Alvarenga et al. (2001) destaca importantes funções ambientais desempenhadas pelos ambientes ciliares: manutenção da qualidade da água, estabilidade dos solos e das áreas marginais, regularização do regime hídrico, formação de corredores para o fluxo gênico das espécies vegetais e animais e manutenção do ecossistema aquático.
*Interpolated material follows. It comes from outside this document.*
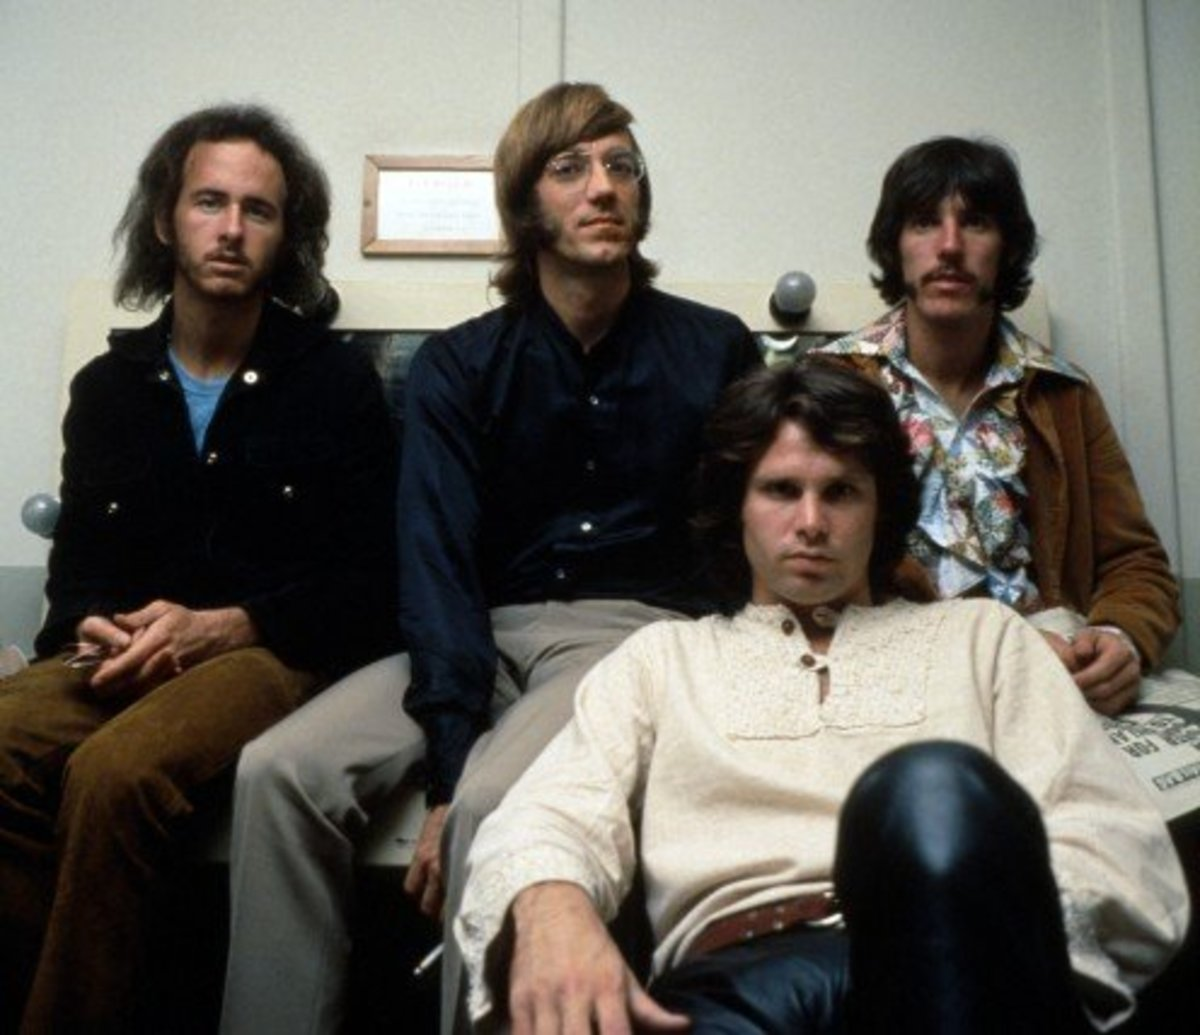 Robbie Krieger (upper left) with the Doors
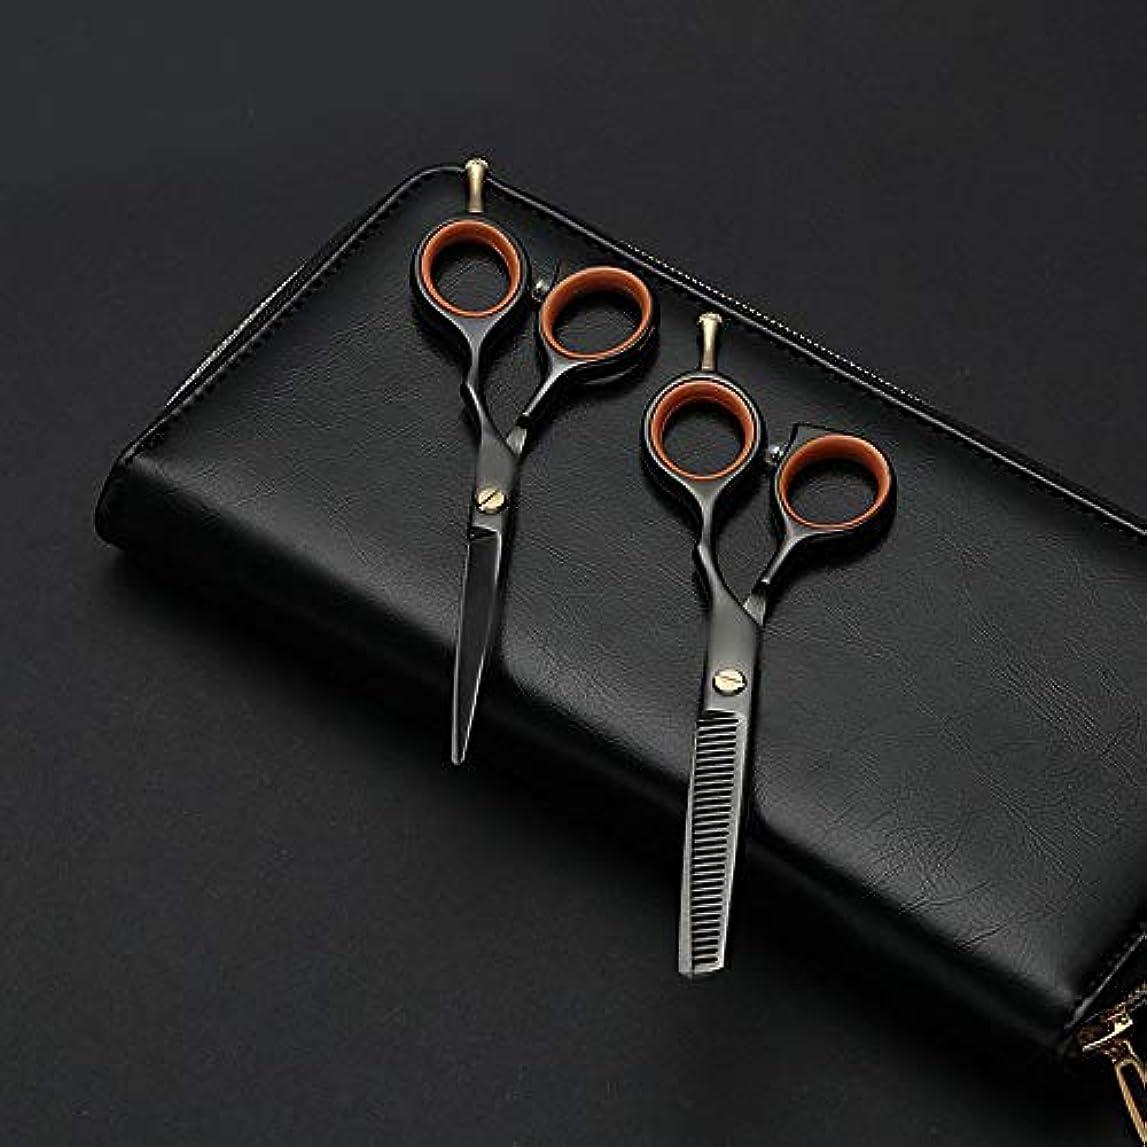 けん引予測する年次理髪用はさみ 5.5インチの専門の理髪はさみ、美容院の組合せセット理髪はさみ毛の切断はさみステンレス理髪はさみ (色 : 黒)

No contexto da paisagem regional, as formações ciliares estão sob condições muito específicas do ambiente, que acabam por diferenciá-las das formações do interflúvio (não ciliar). Muitas vezes essas diferenças se expressam apenas nos parâmetros quantitativos das populações, e em outras até a fisionomia da vegetação é alterada (RIBEIRO; WALTER, 1998). Diversos autores (OLIVEIRA-FILHO, 1989; OLIVEIRA-FILHO et al., 1990; FELFILI; SILVA JÚNIOR, 1992; SILVA JÚNIOR et al., 1998) destacaram a elevada riqueza florística como característica principal dessas formações. Esse fato, segundo Rodrigues; Nave (2001), se explica pela grande heterogeneidade ambiental dessas áreas, que, influenciadas pela umidade, cria uma condição ecotonal que favorece a formação de um mosaico vegetacional.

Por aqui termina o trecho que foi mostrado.